Let's think about this for a minute. As an example, let's use an extreme situation where I'm hovering an aircraft with the engine turning around 5000 RPM. When I advance the throttle to pull out of the hover I surely don't want the engine to stumble or quit. Now let's assume that the software requires 2 revolutions to correctly measure the engine RPM in order for the ignition timing to follow accordingly. At 5000 RPM this requires 24 milliseconds. Even digital servos will not respond that fast, plus you have to factor in the time lag for the fuel/air mixture to adjust.

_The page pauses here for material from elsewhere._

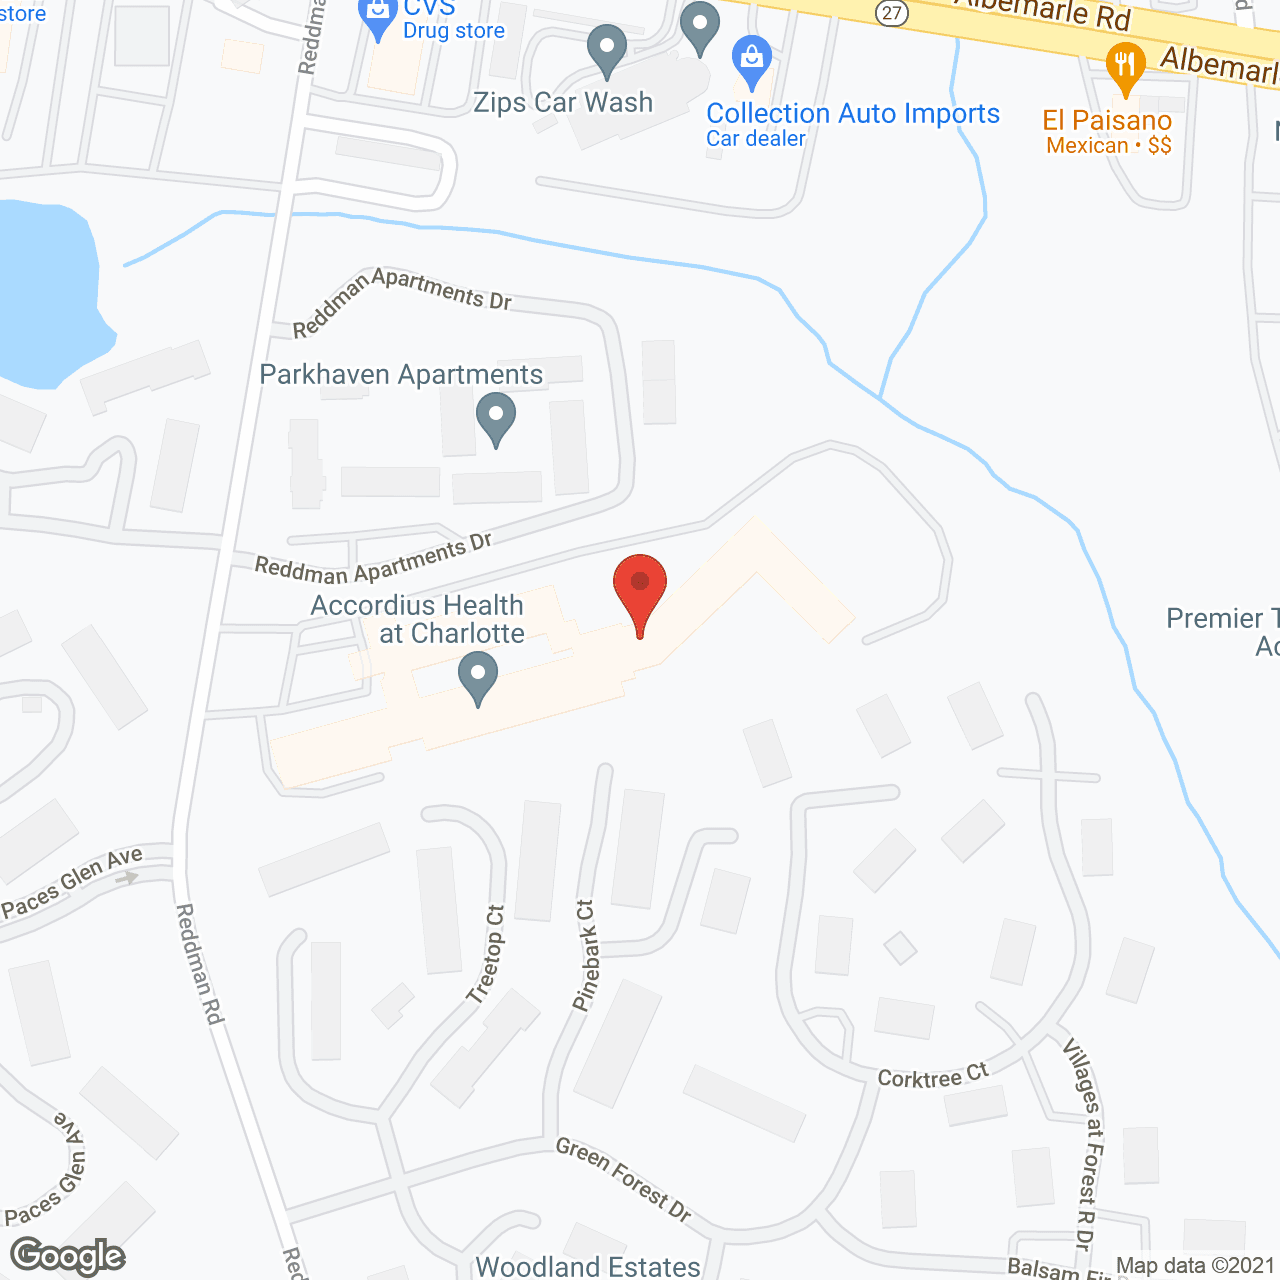 Brian Center Retirement Apartments in google map

If I understand the proposed algorithm correctly, sensor position only matters for ease of starting the engine. Thereafter the software will determine the instantaneous RPM (dR/dt)every revolution based on the interval between pulses and adjust the timing accordingly. This is why we use a micro-processor in this application.

IF this is the case then I don't see the need to program in any delays when starting the engine. We simply position the sensor to fire the plug at 28-30 degrees BTC. This is a good start position to eliminate kick=back but not the best position for optimum RPM. As we advance the throttle and increase RPM's the microprocessor will automatically advance the timing based on the table of values (curve) programmed in. Prior to starting, the processor calculates an RPM of zero. Once the engine fires the RPM will increase and timing will adjust each revolution. You can hold the timing at the start position until the processor sees a minimum RPM value (e.g. 500). Sparky you may need software filters as well as hardware to filter the measured interval. Noise will be a killer! You may also have to integrate the RPM calculation over an interval to come up with an average value to alleviate the noise issue.

I think SparkyGSX is on the right track here and the programming does not have to be overly complicated- but then again I may be mis-understanding his proposed algorithm entirely!

AlZ